Let $F$ be a finite field, and $f(x) \in F[x]$ is some non constant polynomial, Let $E$ be the splitting field of $f(x)$ over $F$ , is $E$ always a finite field?
My attempt let $\deg(f) = n$ then there exist some $a_1,...,a_n$ such that $f(x) = a(x-a_1)...(x-a_n)$ in $E$ such that $E = F(a_1,...,a_n)$.
I try to prove that $E$ is finite field by induction on $i$.
First the base case $F(a_1)$ is finite field, consider the evaluation map $$\Phi_{a_1} : F[x] \to E\\ g(x) \mapsto g(a_1)$$ since $a_1$ is algebraic (as root of $f$ ) ,there exist a minimal polynomial $m_{a_1}$ with $m_{a_1} \mid f$ therefore $k = \deg(m_{a_1}) \le \deg(f)$ and all elements in $$F(a_1) = \{c_{k-1} a_1^{k-1}+ c_{k-2}a_1^{k-2} +...+ c_0\mid c_i \in F\}$$ (which is the case $a_1 \notin F$ otherwise $F(a_1) = F$),therefore $$|F(a_1)| \le |F|^{k}$$ which is finite.
Consider the induction case $F(a_1,..,a_k)$ is finite field, needs to prove $F(a_1,...,a_{k+1})$ is finite field, just replace $F$ above by $F(a_1,..,a_k)$ gets the result, for the case $k$.
Therefore $E$ is always a finite field, is my proof correct?
Your proof looks fine.
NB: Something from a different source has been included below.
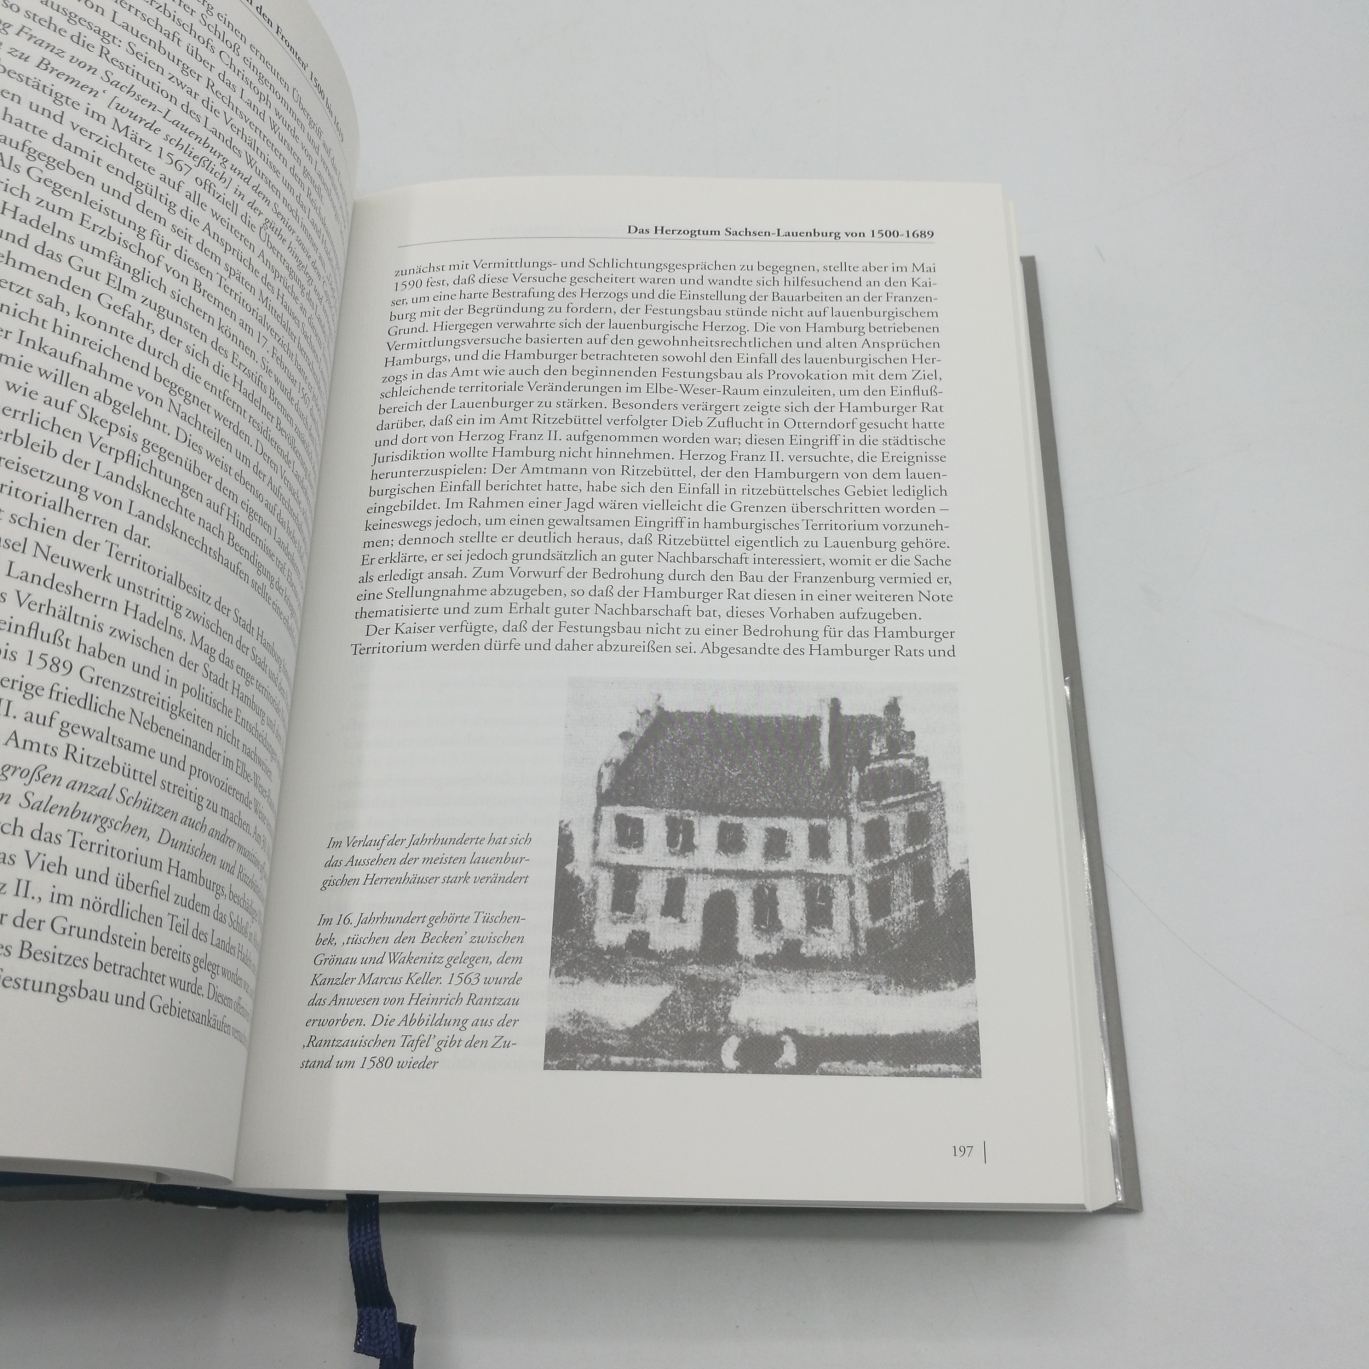 Opitz, Eckardt (Herausgeber): Herzogtum Lauenburg Das Land und seine Geschichte; ein Handbuch / hrsg. von Eckardt Opitz. [Fotos: Reinhard Scheiblich

Also consider the following. Any finite extension is a finite dimensional vector space over the base field. If your base field is finite, then any finite dimensional vector space over it is also finite. Splitting fields are finite extension.
Another comment is that you seem to be a bit confused about the relationship between being algebraic and having a minimal polynomial. In both cases, it is important to keep in mind the context in which you are working. For example $a_1$ may or may not be algebraic over $F$ but it is by definition algebraic over $E$.